The script eval/preprocessing_times.py prints some statistics about preprocessing times.
The following script creates the tables data/results/remince-*.csv, which contain the construction times and node counts, either separately for the five seeds, or aggregated (min, max, mean, median):
eval/remince.py
The following script creates the plots in Figure 3 in the paper as well as the LaTeX source for Table 1:
eval/ordering.py
The plots will be placed in data/results/plots. By prepending PLOT_FORMAT=<pdf|pgf|...> to the command you may change the output format of the plots (default is pdf). Setting PLOT_PAPER=1 removes the title and legends and adjusts the figure size.
To create the plot from Figure 4 (and similar ones for other models), run:
eval/size_profile.py
The output files will be placed in data/results/plots/size-profiles. The PLOT_FORMAT and PLOT_PAPER environment variables can be used here as well.
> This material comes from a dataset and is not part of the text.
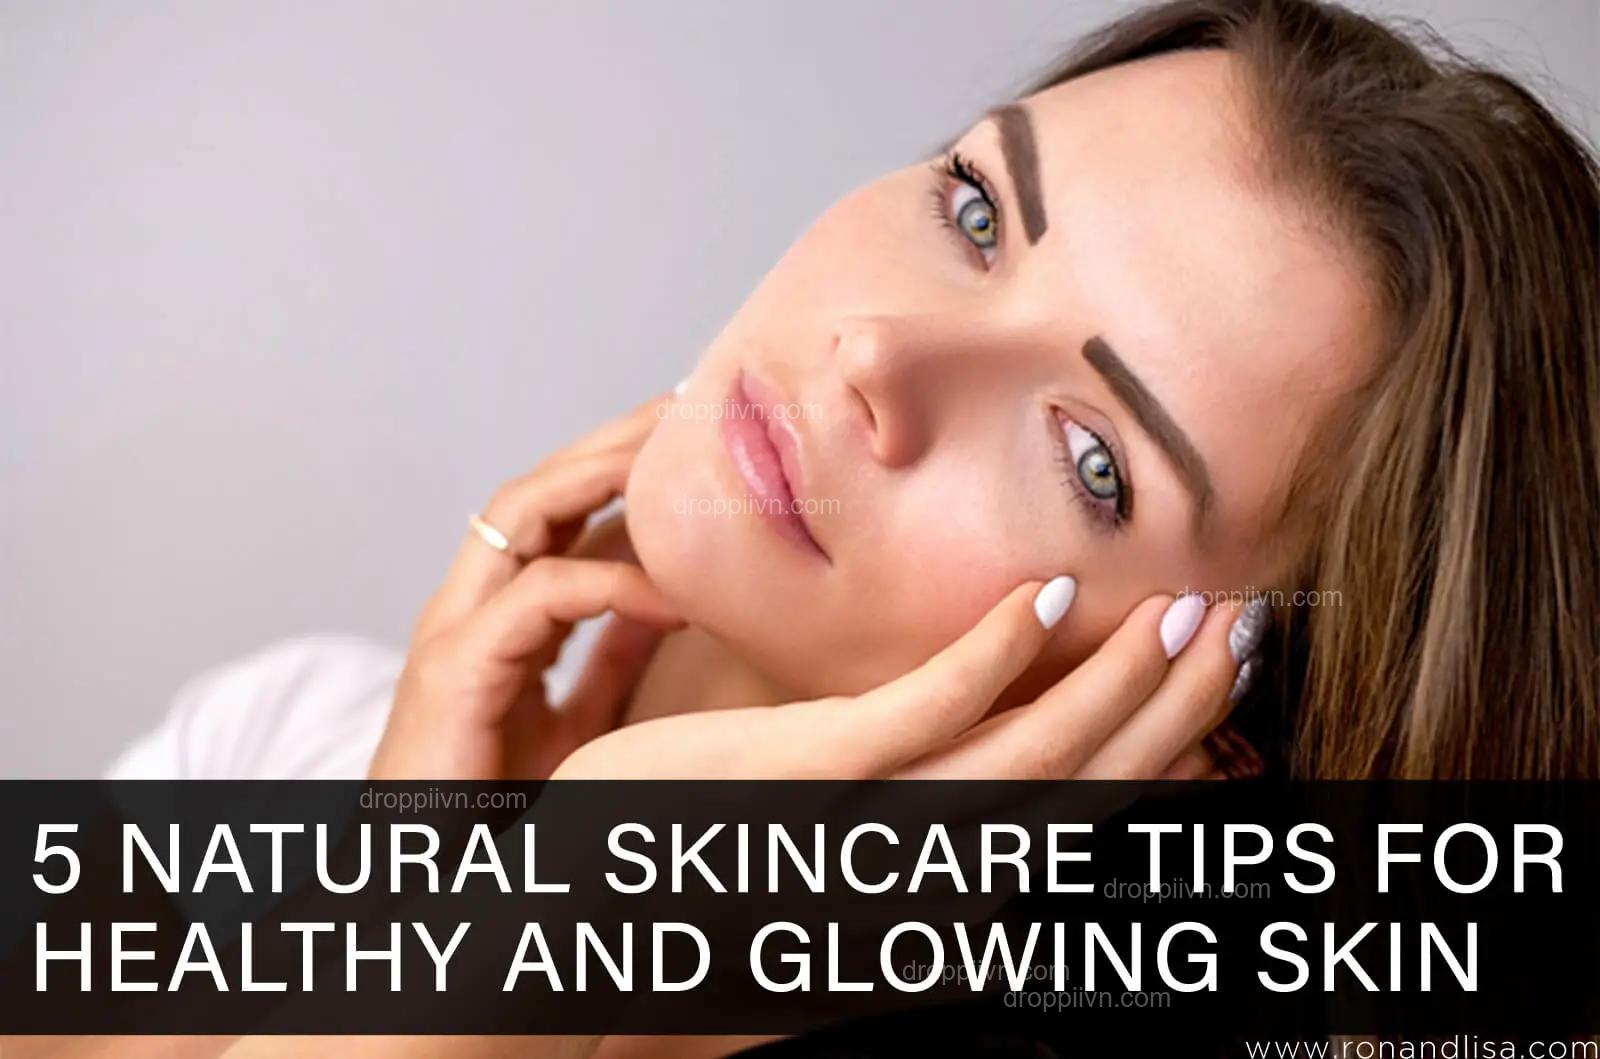 Tips to achieve healthy and glowing skin
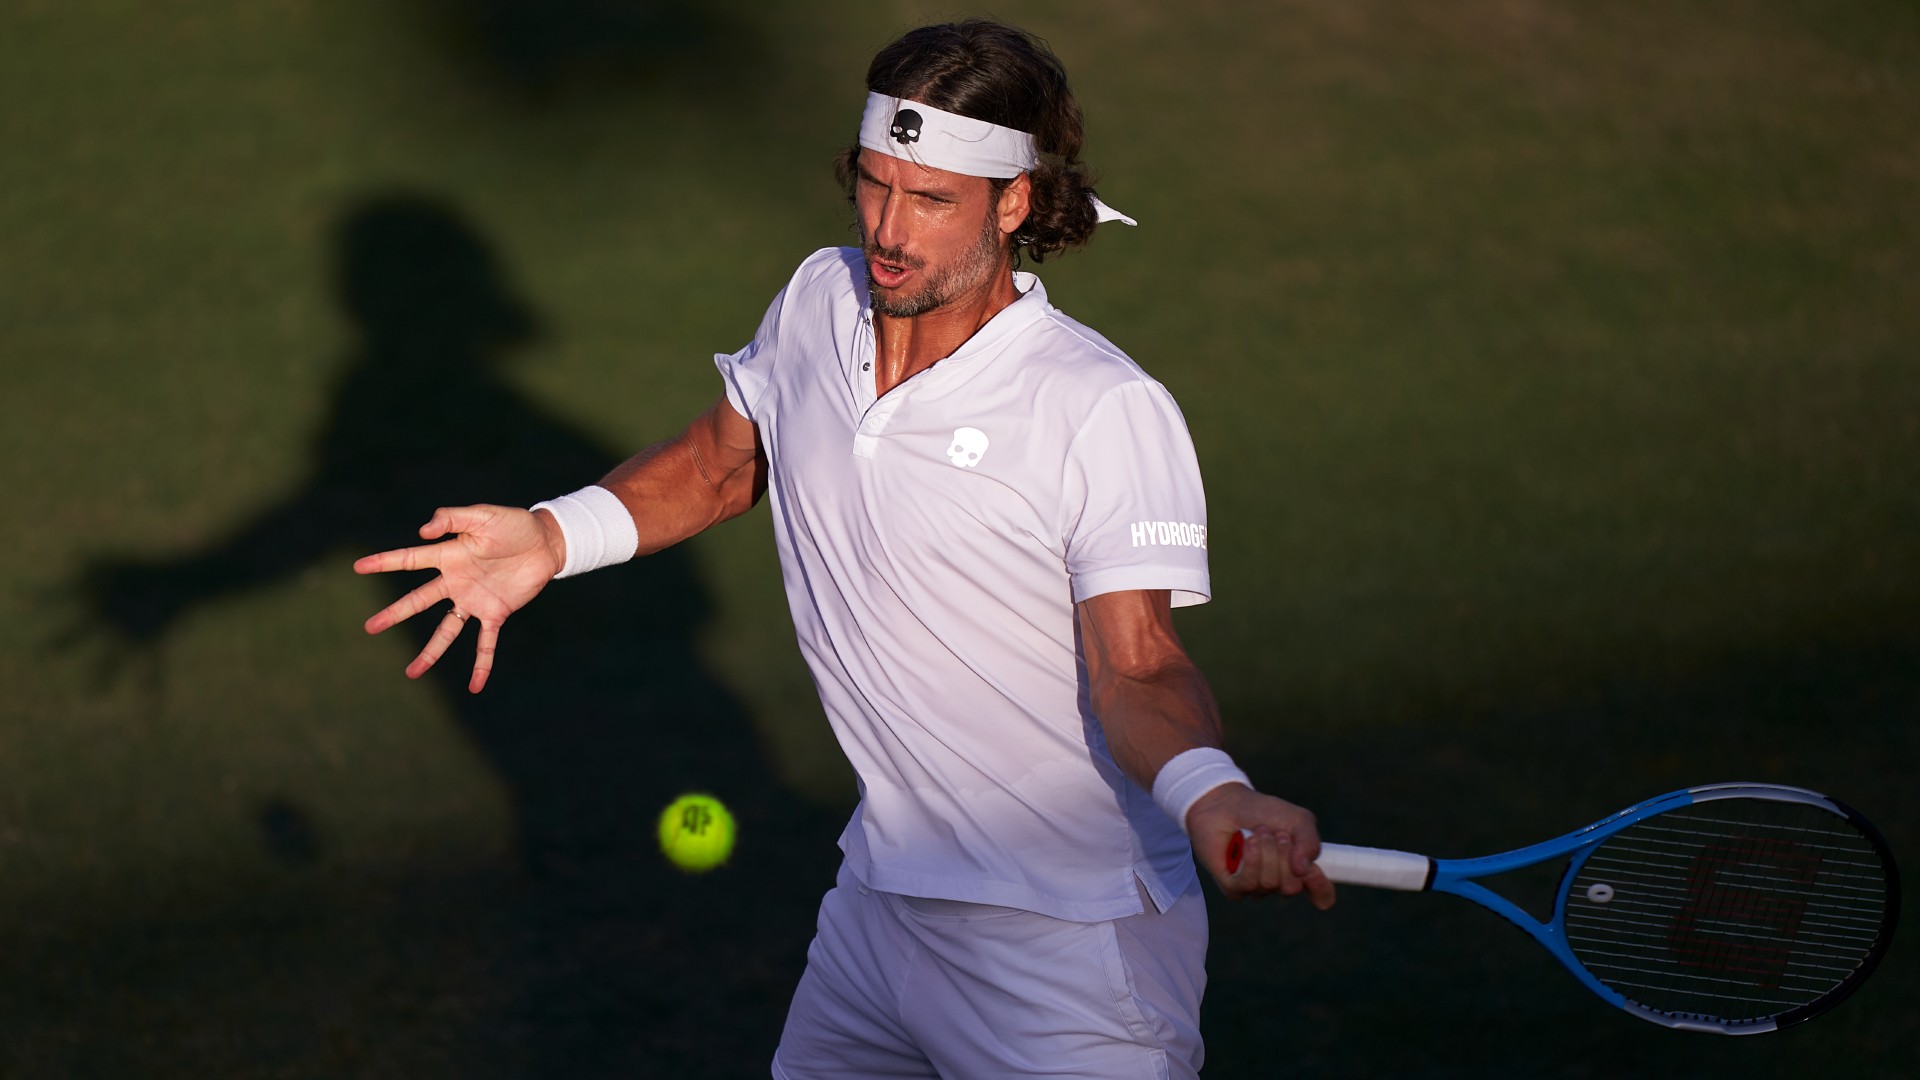 Veteran Feliciano Lopez reached a career landmark in Mallorca but there was a pre-Wimbledon injury scare for Dominic Thiem.

The following script creates the plot of Figure 5 in the paper:
eval/cdl.py
The plot will be saved to data/results/plots/cdl-min.<PLOT_FORMAT>.
License
The contents of src.zip (as well as the source repository) are MIT/Apache-2.0 dual-licensed, see LICENSE-MIT and LICENSE-APACHE. Third-party software included in docker-image.tar.zst is provided under its original licenses. The CNFs in input-cnfs.tar.zst and preprocessed.tar.zst come under their original licenses, see https://zenodo.org/records/10303558 and https://github.com/AlexanderKnueppel/is-there-a-mismatch. Data in compilation-logs.tar.zst and results.zip is provided under CC-BY-4.0. All licenses permit the evaluation of this artifact.
Acknowledgements
This work is partially supported by the German Research Foundation (DFG) under the projects TRR 248 (see https://perspicuous-computing.science, project ID 389792660) and EXC 2050/1 (CeTI, project ID 390696704, as part of Germany’s Excellence Strategy).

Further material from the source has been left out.